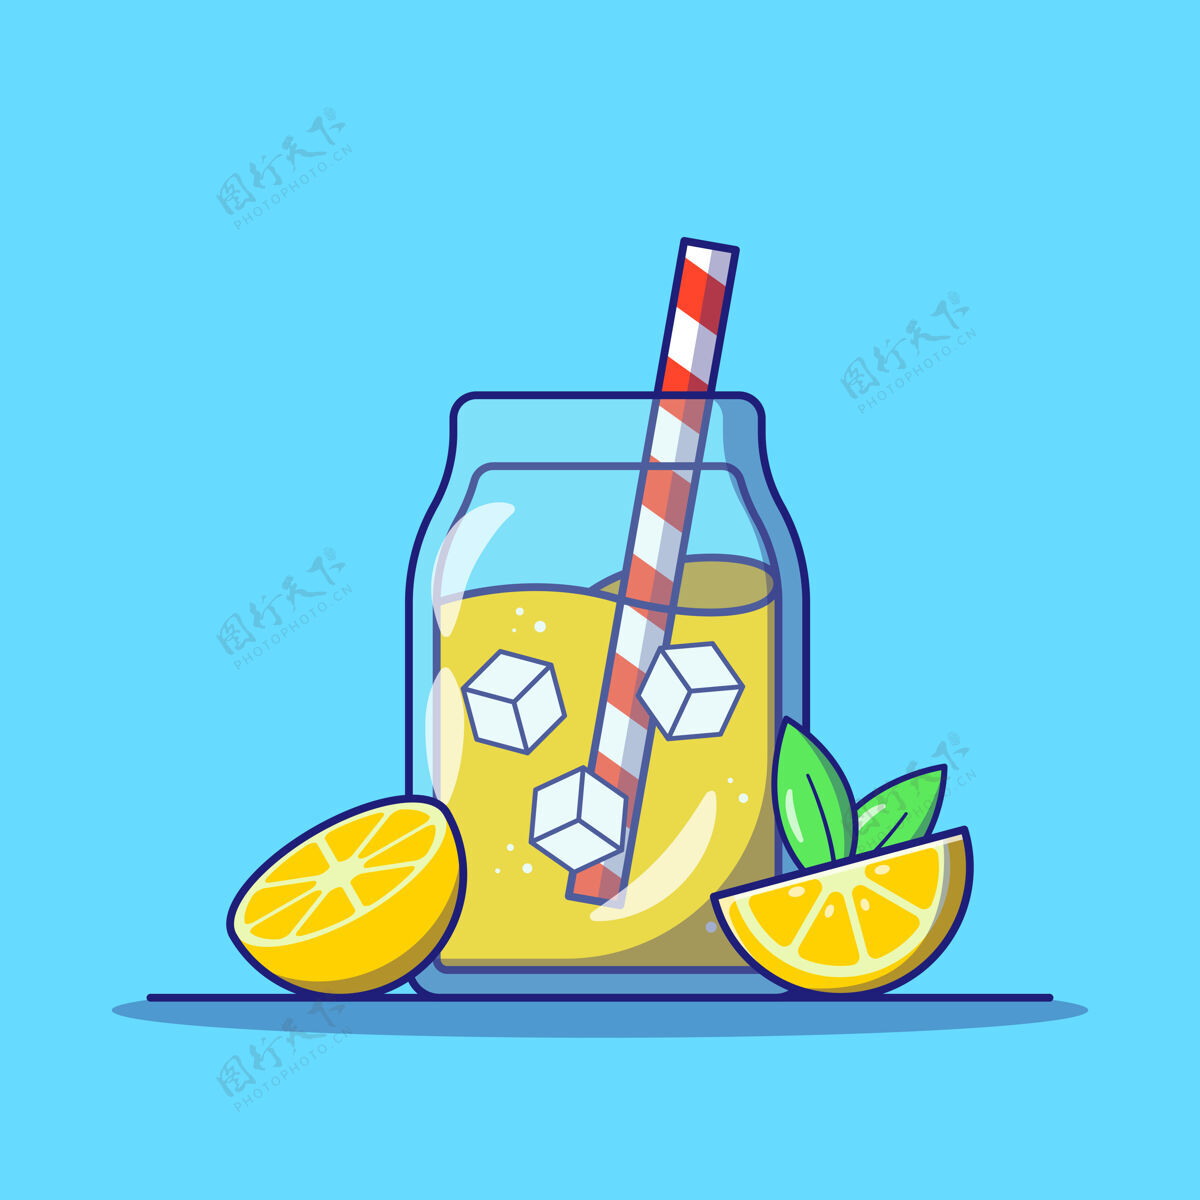 柠檬水在一个玻璃罐里放着柠檬片和条纹稻草的柠檬水夏天概念轮廓
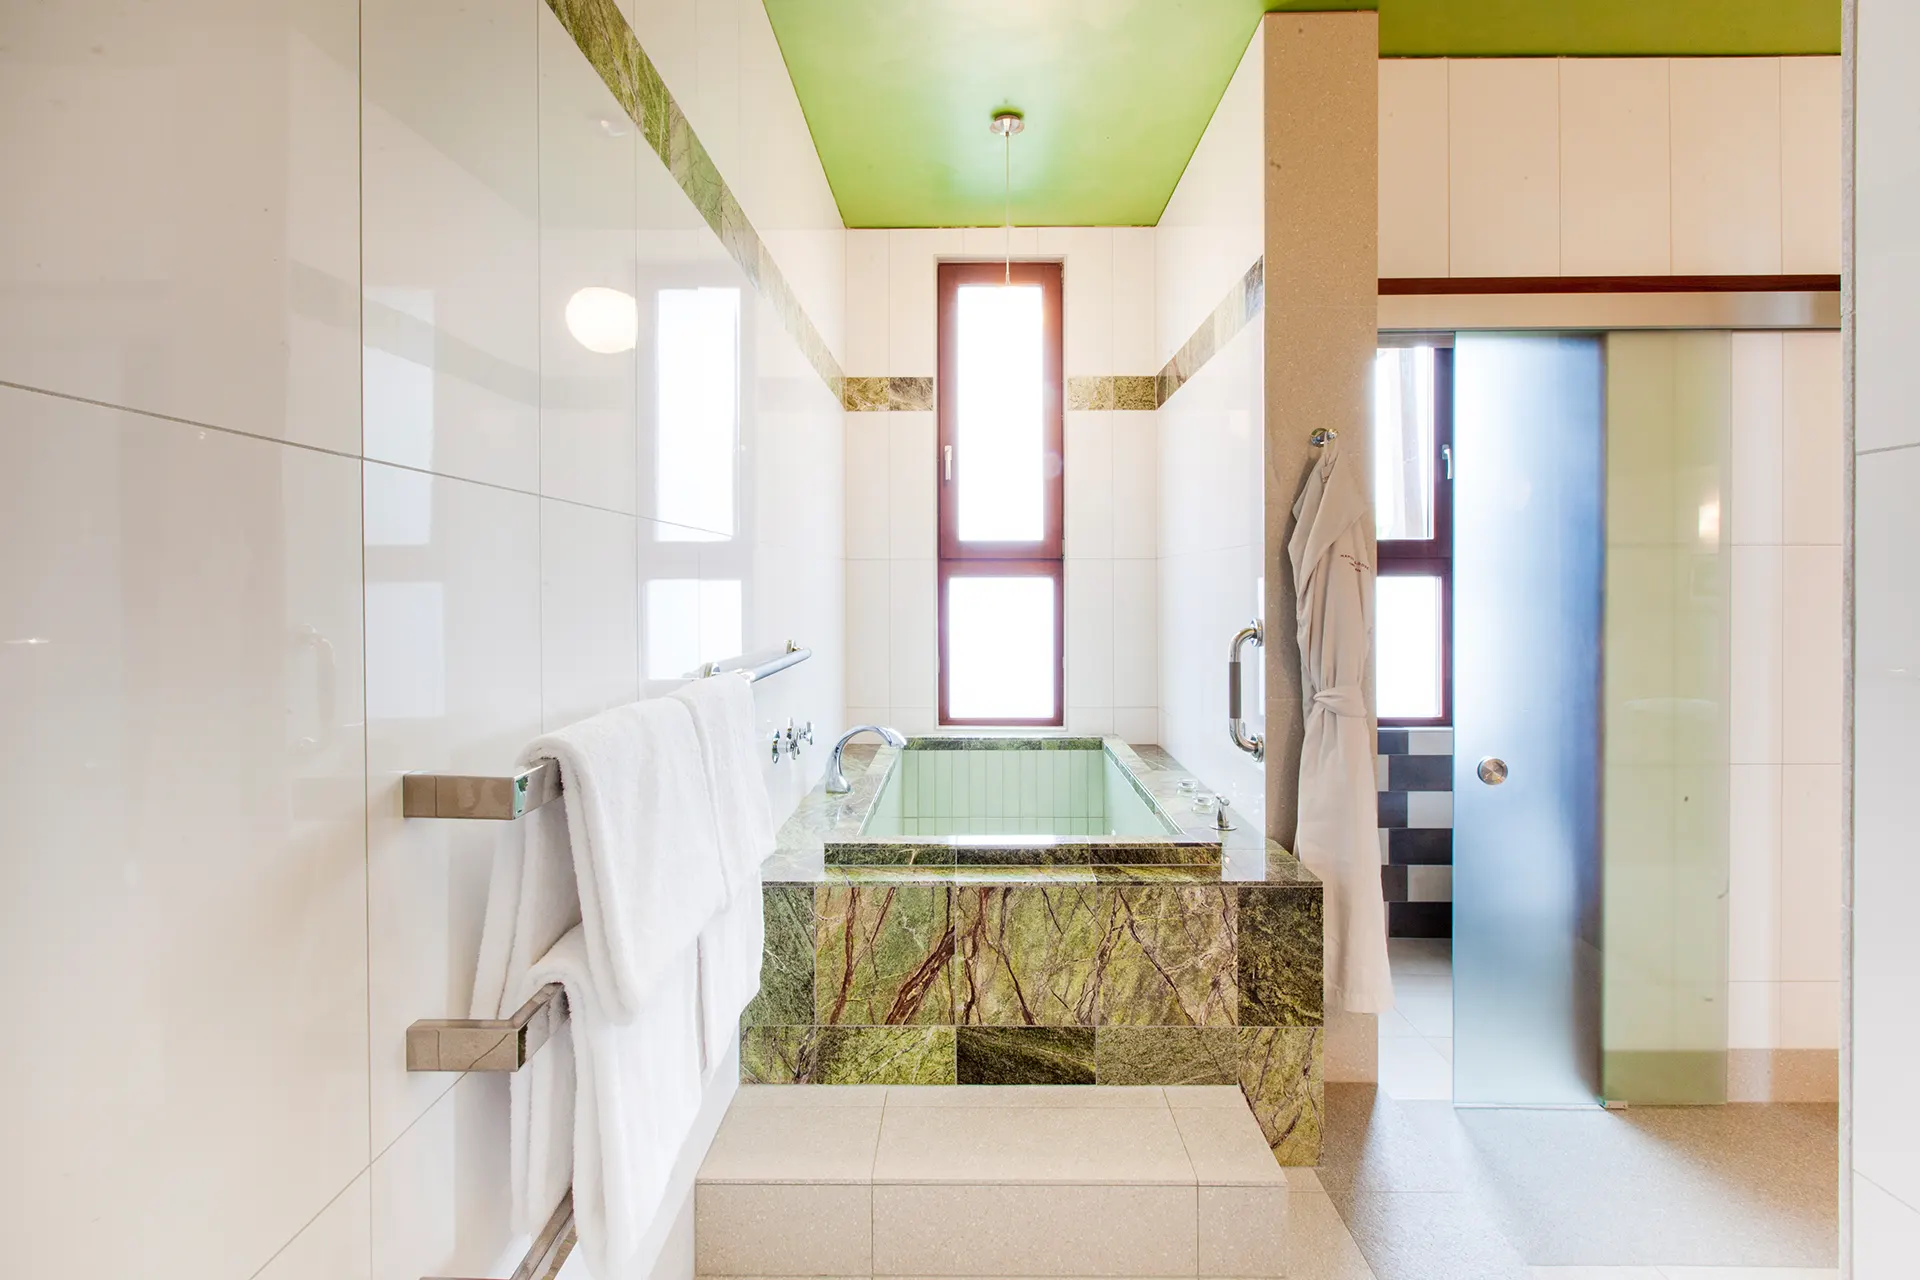 Badewanne aus grünem Stein
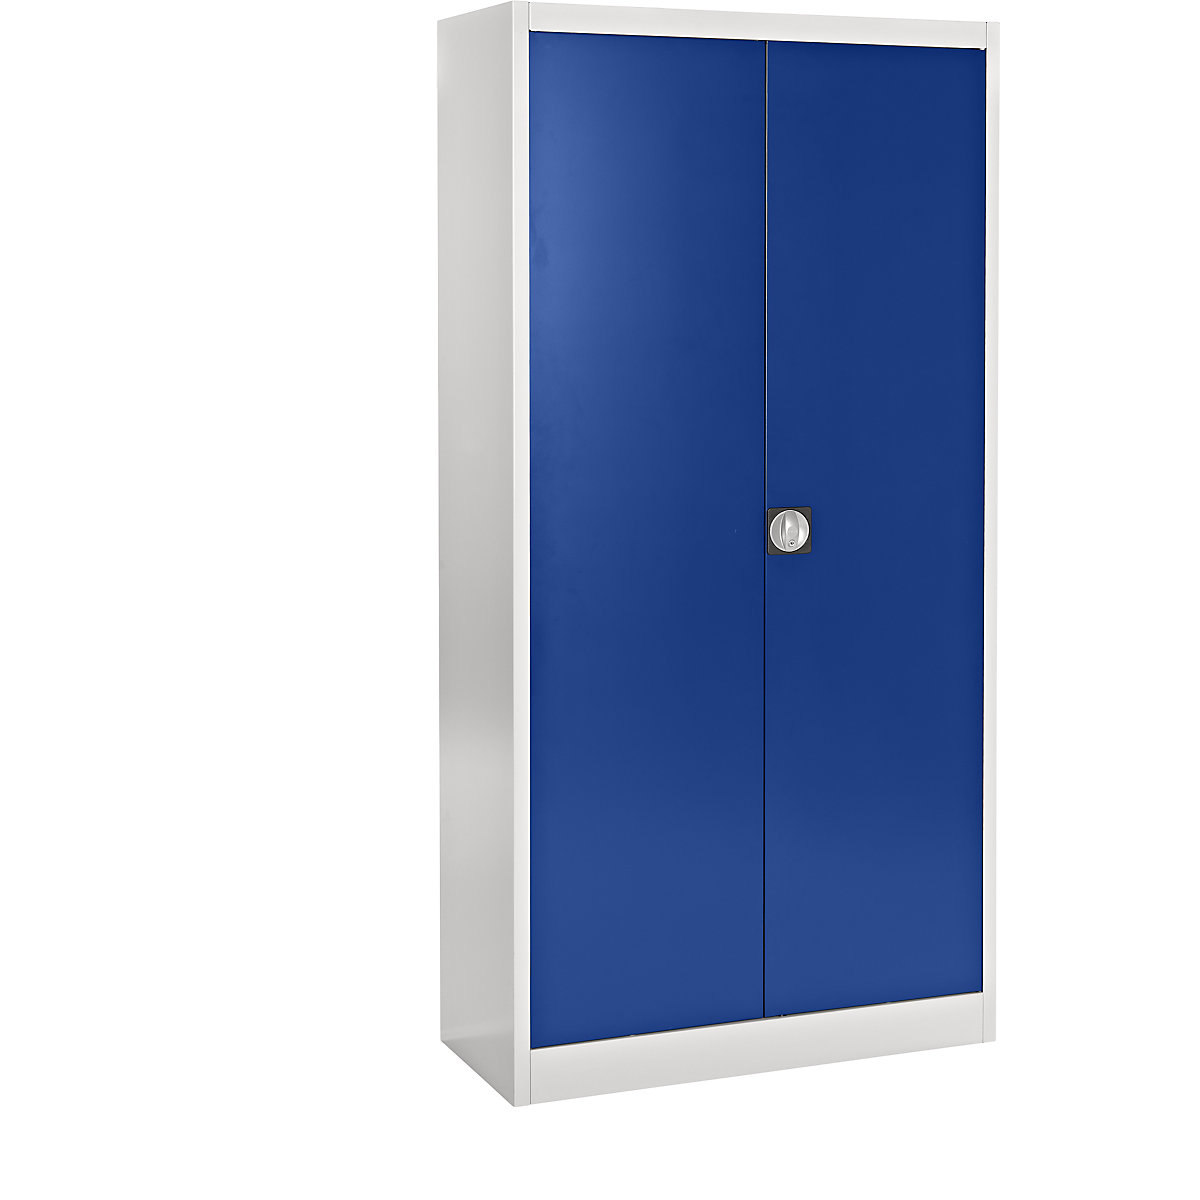 mauser – Armoire métallique à portes escamotables, 4 tablettes, profondeur 420 mm, gris clair / bleu marine

### WORK INSTRUCTIONS:
Please give the material above again in full, with no pictures in your version.

### RESULT:
 柠檬水在一个玻璃罐里放着柠檬片和条纹稻草的柠檬水夏天概念轮廓
 Badewanne aus grünem Stein
 mauser – Armoire métallique à portes escamotables, 4 tablettes, profondeur 420 mm, gris clair / bleu marine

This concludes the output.